Sie schießen wie Pilze aus dem Boden: die Anbieter von lokalen Marktplätzen, die kleine und mittlere Händler ins Internet-Business boosten sollen. Überall schlagen derzeit Start-ups auf, die mit mehr oder weniger originellen Namen den „digital zurückgebliebenen stationären Händlern“ den Weg in die digitale Welt aufzeigen und eine Antwort auf Amazon & Co. sein sollen. Mit viel Investorengeld im Rücken werden dann Portale auf die Beine gestellt, die den kleinen Händlern ein Stück Webshop zur Verfügung stellen.

Die Komplexität wird oft verniedlicht

Im Laufe der Projekte kommt dann schnell die Ernüchterung: Wer besorgt den Content? Halbwegs brauchbare freigestellte Produktbilder, rechtlich einwandfreie Artikelbeschreibungen und -angaben sind in der Erstellung sehr aufwändig. Noch komplexer ist die Echtzeit-Bestandsführung, da die Durchdringung mit Warenwirtschaftssystemen nicht wirklich tief ist. Ein Webshop, in dem Artikel angezeigt werden, die in Wahrheit nicht lieferbar sind, wird garantiert nur einmal besucht. Ebenso ist man nachher erschreckt, wie viel Aufwand man mit der Aktualisierung der Daten hat. Jeder, der jemals an einem eCommerce Projekt beteiligt war weiß, dass hier der Hauptteil der Arbeit liegt.

Zu guter Letzt kommt noch die Logistik: Beim Thema Same Day Delivery haben sich schon Viele die Zähne ausgebissen. In den Start-ups funktioniert das anfangs sogar, weil man das „eben noch einmal mitmacht“ und 450-€-Kräfte einsetzt. Frei nach dem Motto „das können Pizzerien seit 20 Jahren“ merkt man spätestens in der Skalierungsphase, dass es eben immer nur eine Pizzeria ist, die das kann und in der Regel nicht eine ganze Kette. Den entscheidenden Touchpoint zum Kunden sollte man nicht mit reinen Aushilfskräften abdecken.

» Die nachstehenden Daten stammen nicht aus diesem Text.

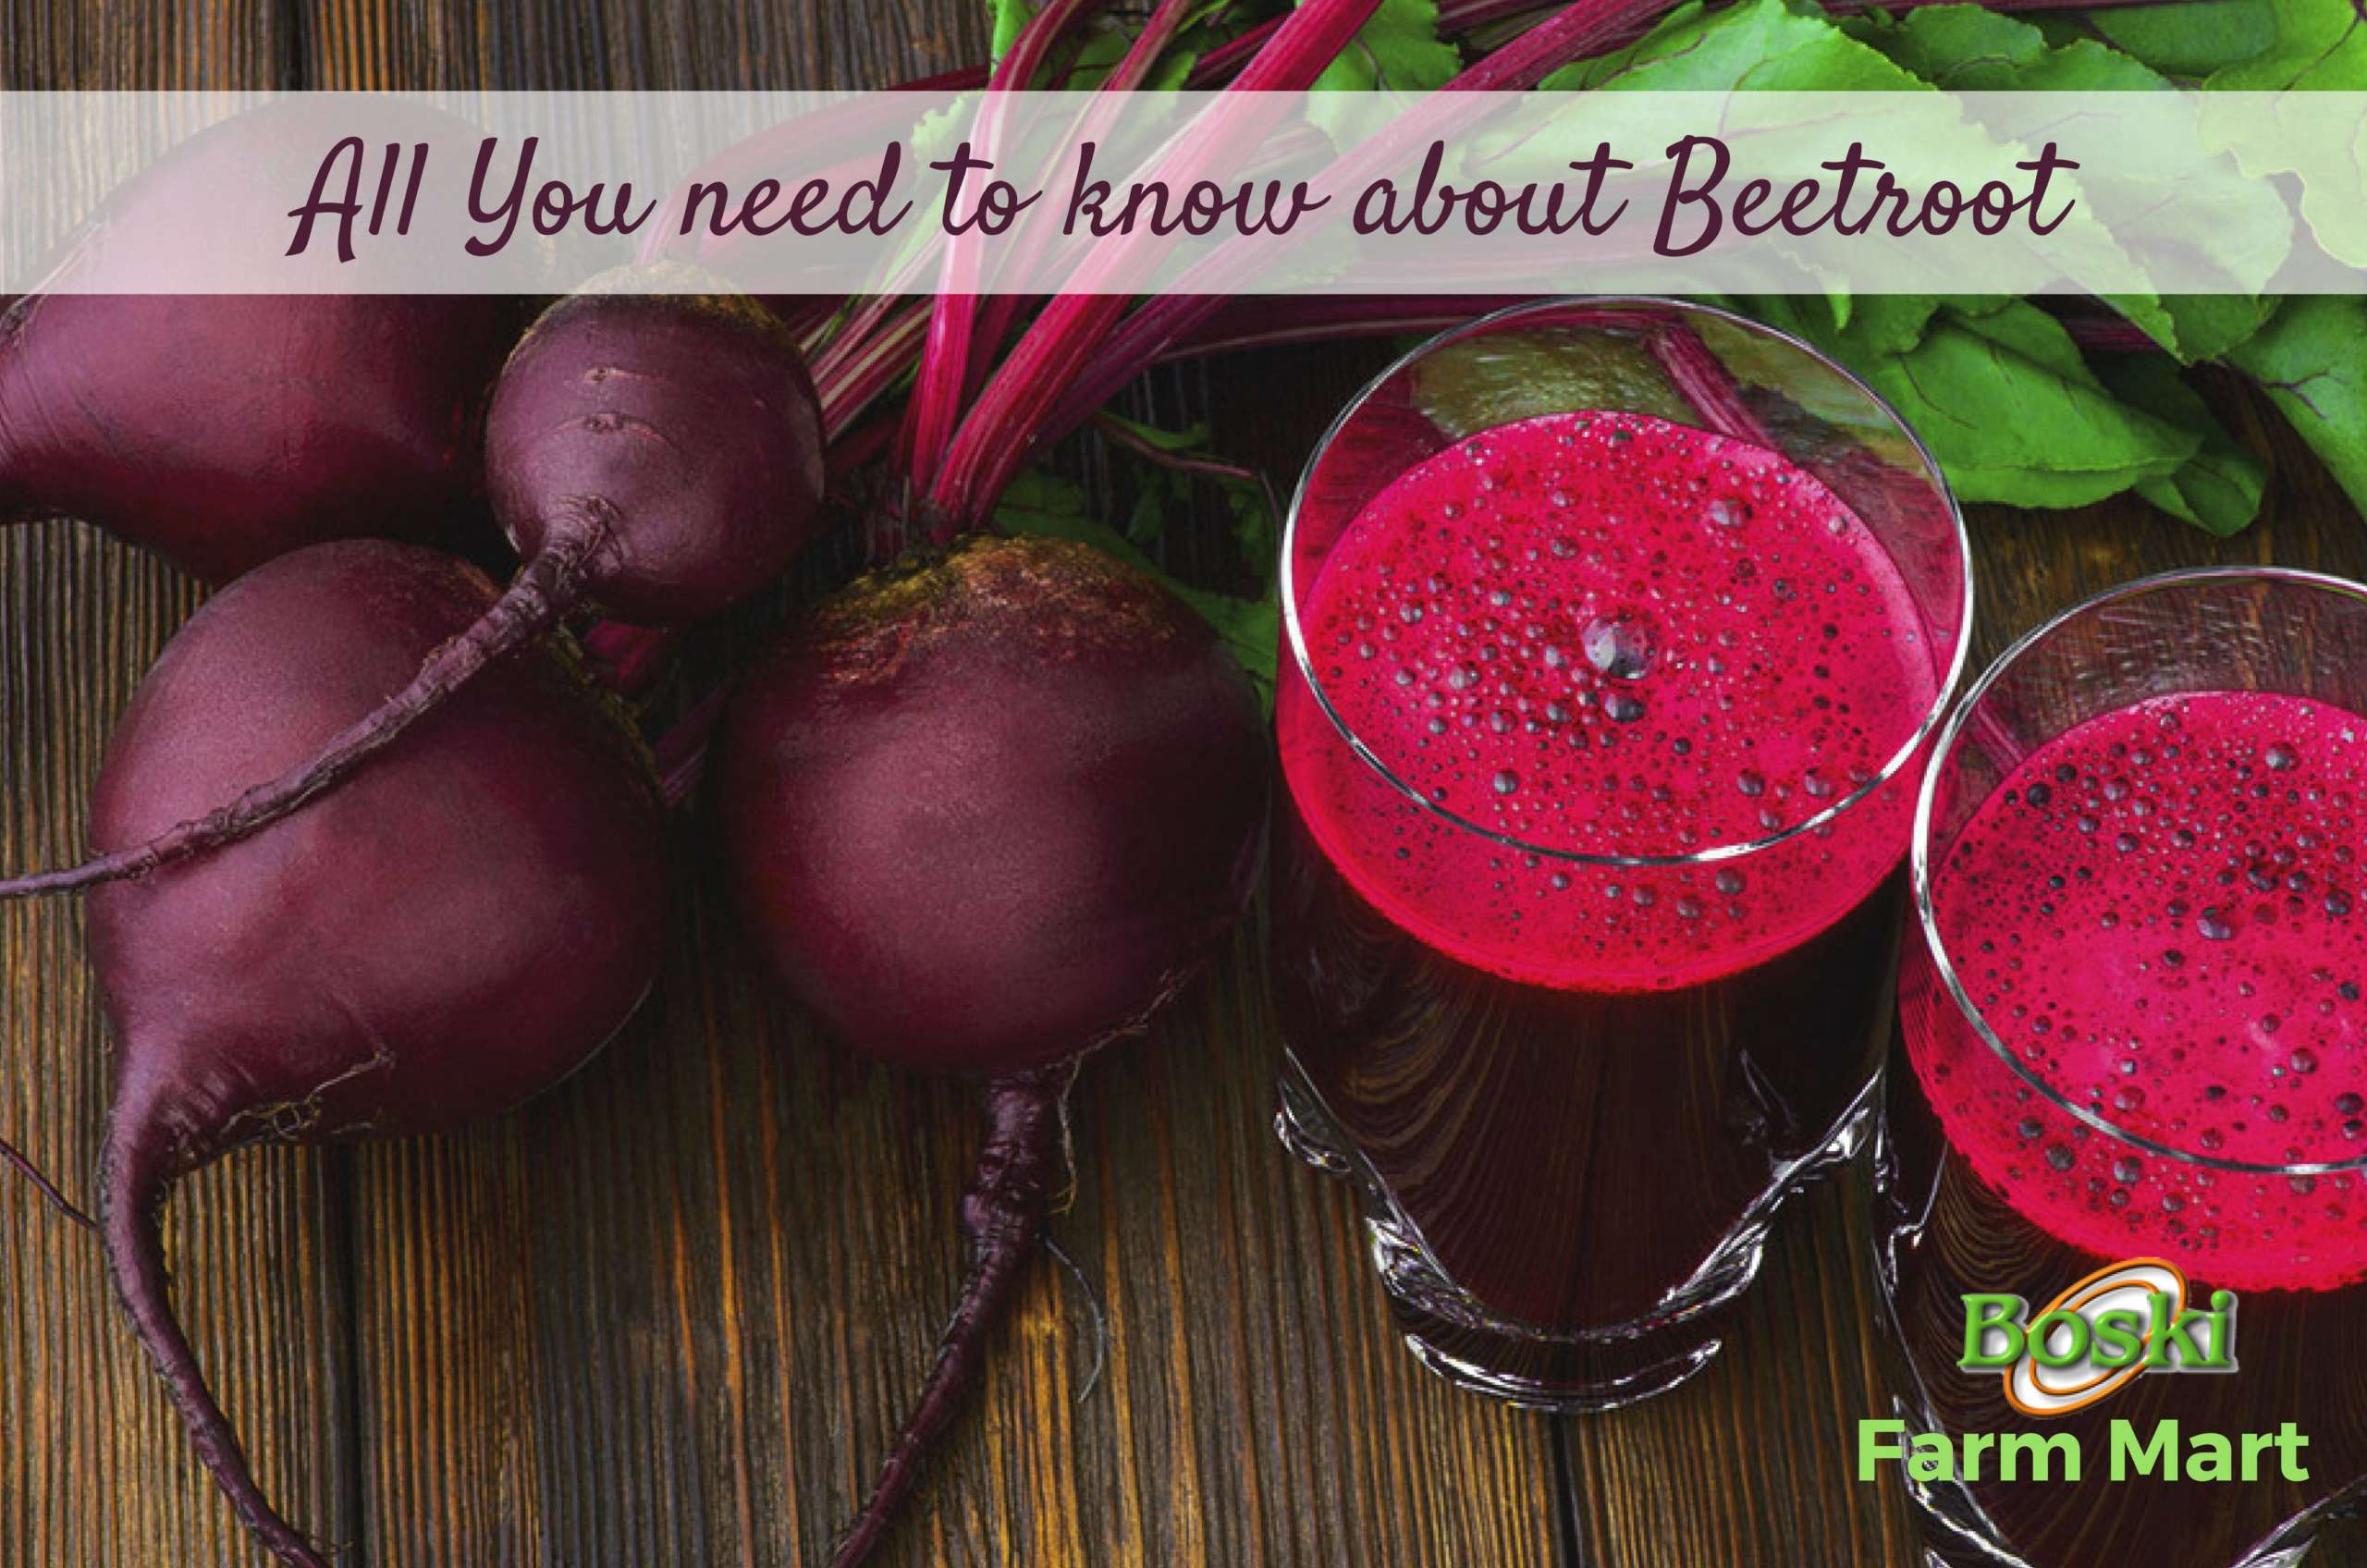 nutritional and health benefits of beetroot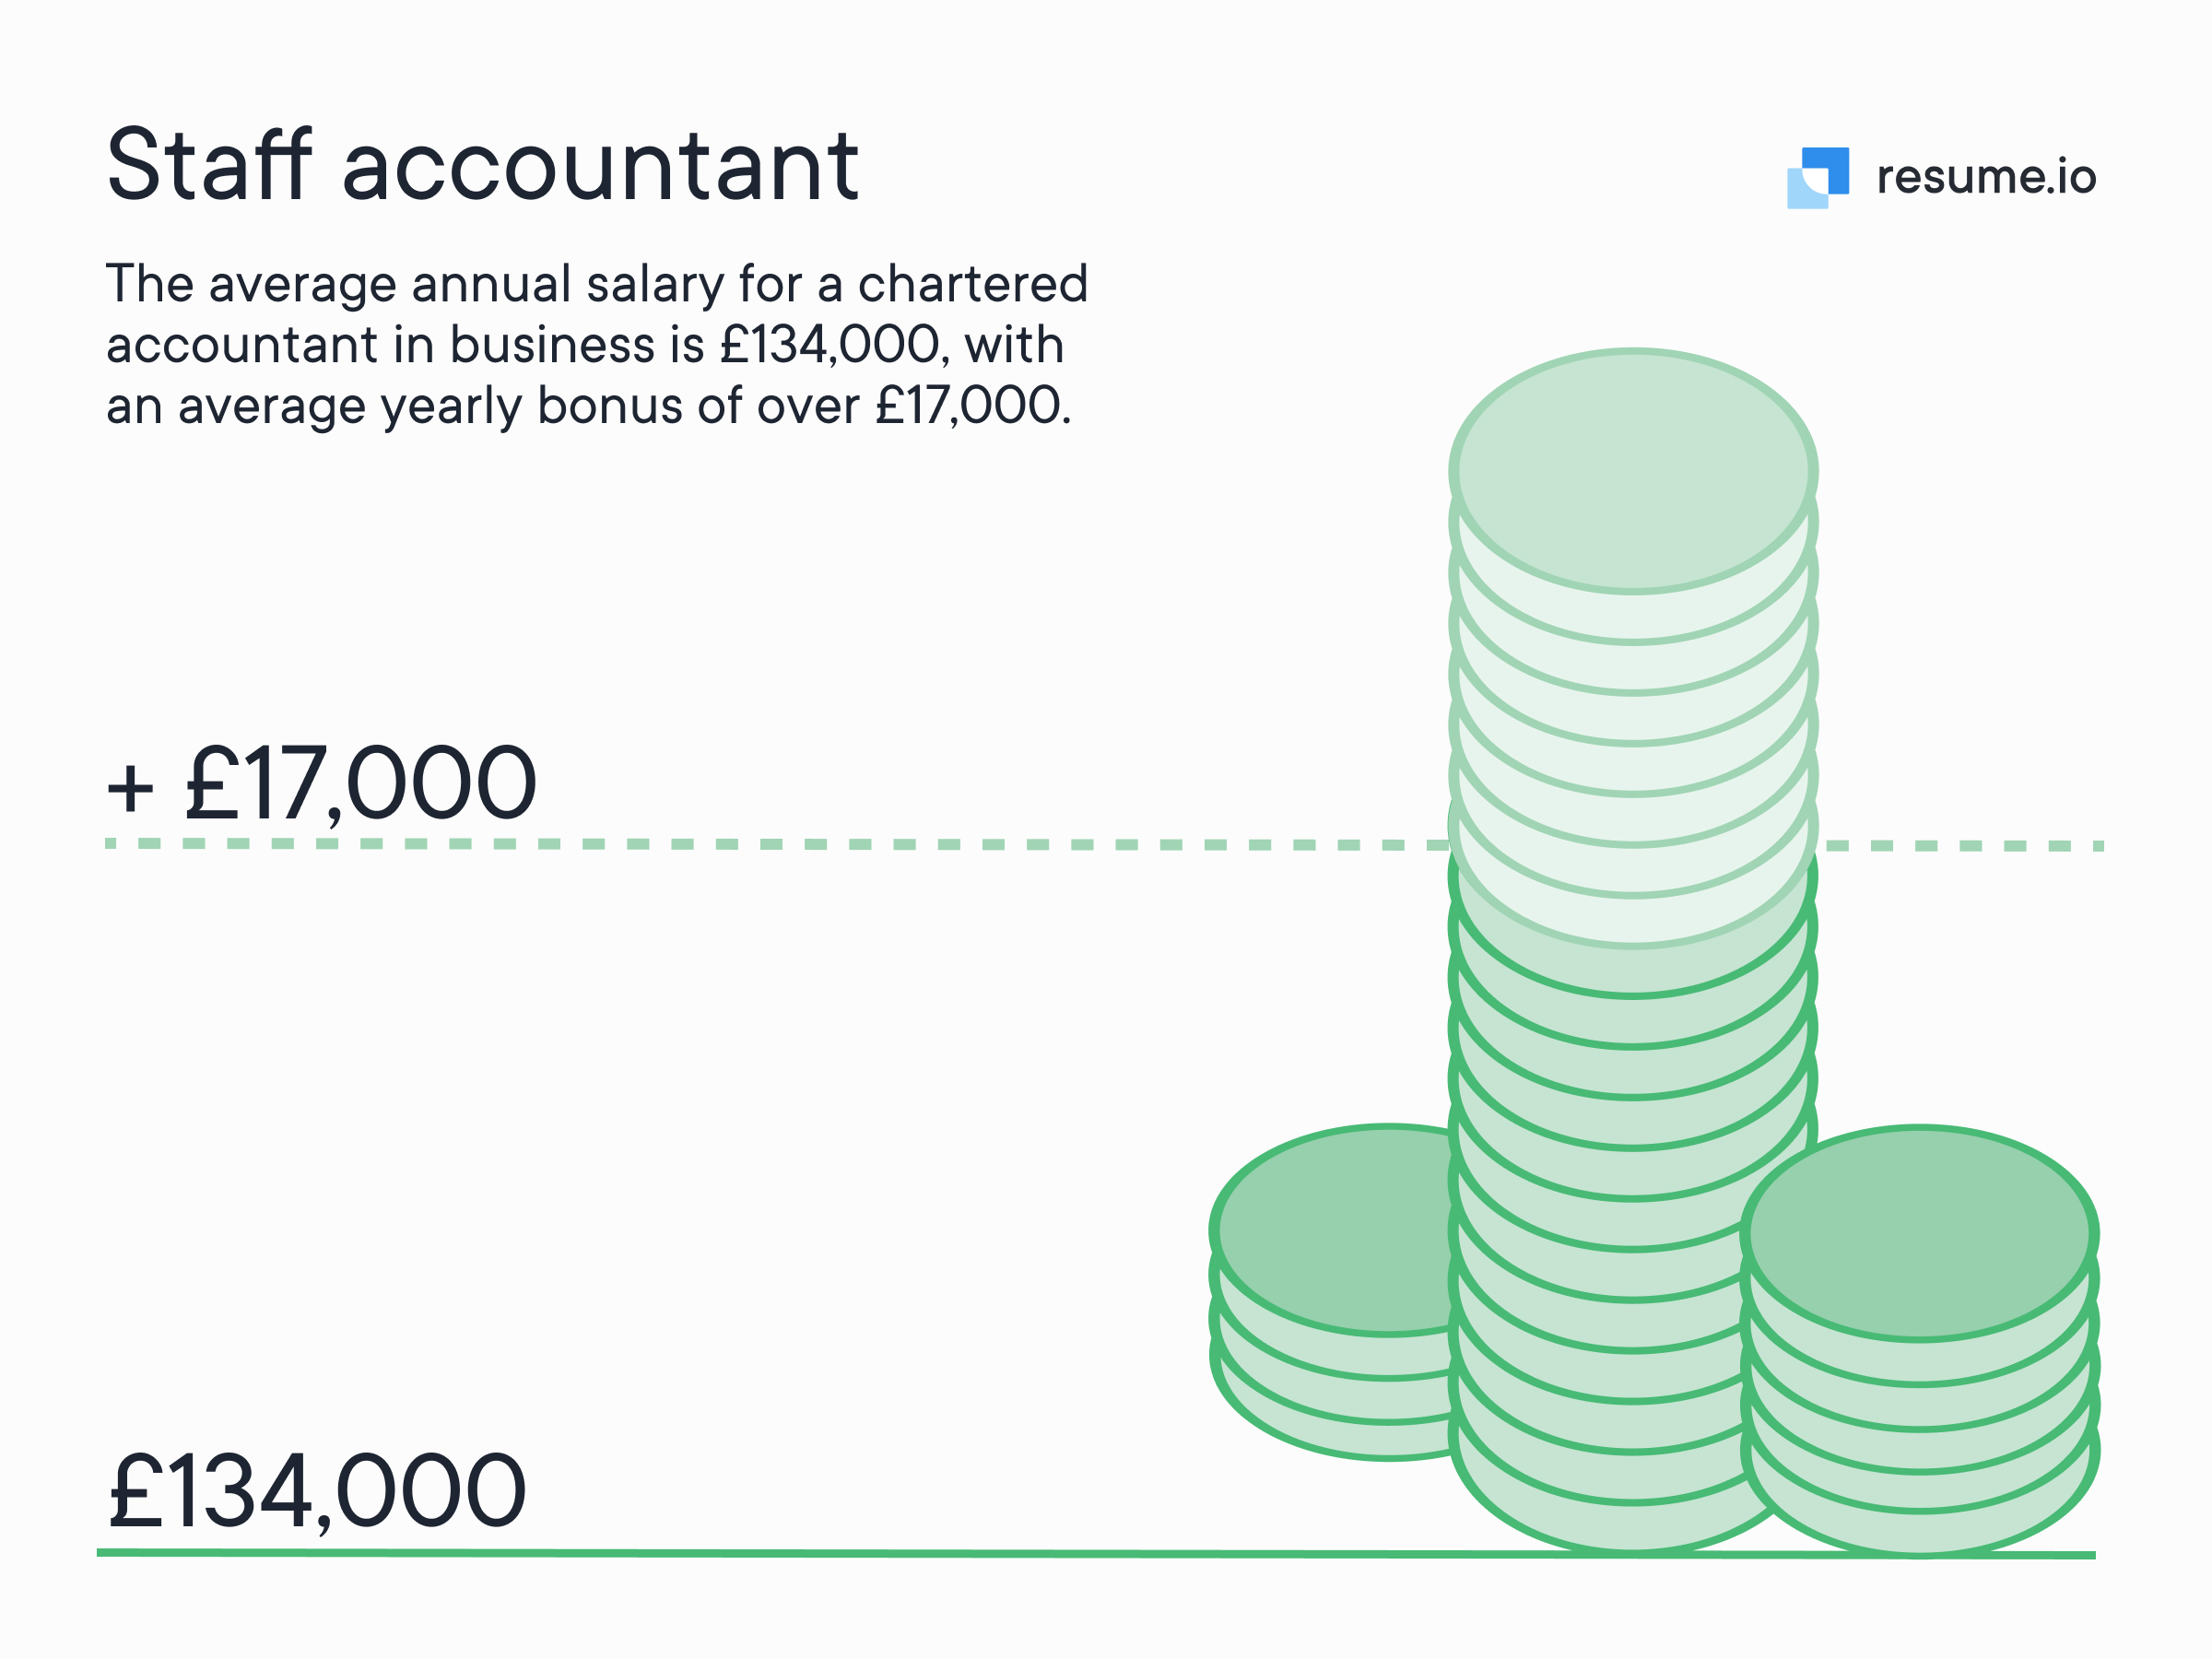 Average salary and yearly bonus for a staff accountant

Der richtige Zeitpunkt zum Umdenken

Die Aufwände dafür werden also sehr oft unterschätzt, zudem wird meistens eine Frage nicht gestellt: Warum macht man das überhaupt? Weil alle einen Webshop haben? Oder folgt man nur einem Trend, um gleicher unter Gleichen zu sein? Was aber in jedem Fall passiert: Man lenkt sich selbst von der Weiterentwicklung seines stationären Formates ab. Gerade in Zeiten der notwendigen Retail-Transformation kann sich das schnell rächen.

Häufig kommt die Initiative auch von der Wirtschaftsförderung der Städte, die z. B. versuchen, über den Handel eine nicht gerade hochfrequentierte Stadt-App mit interessantem Zusatznutzen zu versehen. Ein sauberer Business Case mit Marktgrößenanalyse oder ein sauberes Kundennutzenversprechen wird oft in die zweite Reihe verbannt.

Unterm Strich kristallisiert sich eines heraus: eCommerce für kleine Händler ist nichts anderes als die Linearisierung des bisherigen Geschäftes, eben neue Kundengruppen für sein Format zu begeistern. Diese Aktivitäten lenken wunderbar von der zukünftig neuen Aufgabe des stationären Handels ab: Freizeitangebot statt Versorger zu sein. Der Handel als soziales Netzwerk, das Menschen Freizeitwert bietet und durch Inspiration und Erlebnis glänzt. Anstatt sich um genau diese Themen zu kümmern, verliert man sich in Bereichen, in dem die Claims bereits abgesteckt sind. Vielmehr macht es Sinn, durch eine neue Art der Selbsterfindung seine individuelle Lücke zu entdecken – darum geht es!

Seien wir doch mal ehrlich: Selbst die noch so hübsche Start-up-Plattform schafft es nur schwer, in das „Relevant Set“ der Webshops von potenziellen Kunden zu kommen. Der Durchschnittsnutzer hat ca. zehn Webshops, darunter sicherlich Amazon, eBay und Zalando, in denen er regelmäßig einkauft. Es wird allerdings schwierig, mit einer lokalen Plattform genau dort eindringen zu können.

Eines muss jeder Händler sich verdeutlichen: Der lokale Webshop sorgt maximal dafür, dass man dem virtuellen Wettbewerb lediglich hinterherrennt. Ob man das Tempo, das die vorlegen, letztendlich halten kann oder überhaupt erreicht, halte ich für mehr als fraglich.

Was ist der richtige Weg?

Das weiß sicherlich keiner, aber man kann ja aus den bisherigen Projekten lernen. Andreas Brill von Business 4 Brand hat es anlässlich des eCommerce Tages in Wuppertal auf den Punkt gebracht: Viele Händler tappen in die Multi-Channel-Falle, aufgezeigt hat er es am Beispiel der Musikindustrie.

Die aus dieser Gesamterkenntnis resultierende Aufgabe steht fest und lässt sich in drei Aufgaben unterteilen:

 • Händler, verschaffe dir qualifiziert ein Gesicht im virtuellen Raum. Zeige dem Internet-Surfer, dass es sich lohnt, bei dir vorbeizukommen.

 • Unterstütze den RoPo-Prozess. Dein Sortiment und die Verfügbarkeit muss sichtbar sein, aber ohne die vorher beschriebenen Aufwände.

 • Wenn du doch im Web verkaufen willst: Nutze den, der eine Plattform hat, die jeder kennt und der alle, aber auch alle Prozesse im Griff hat.

Klingt doch ganz einfach, oder? Es lohnt sich in jedem Fall, diese Strategie zu verfolgen und weiter zu entwickeln. Es bleibt aber weiterhin spannend.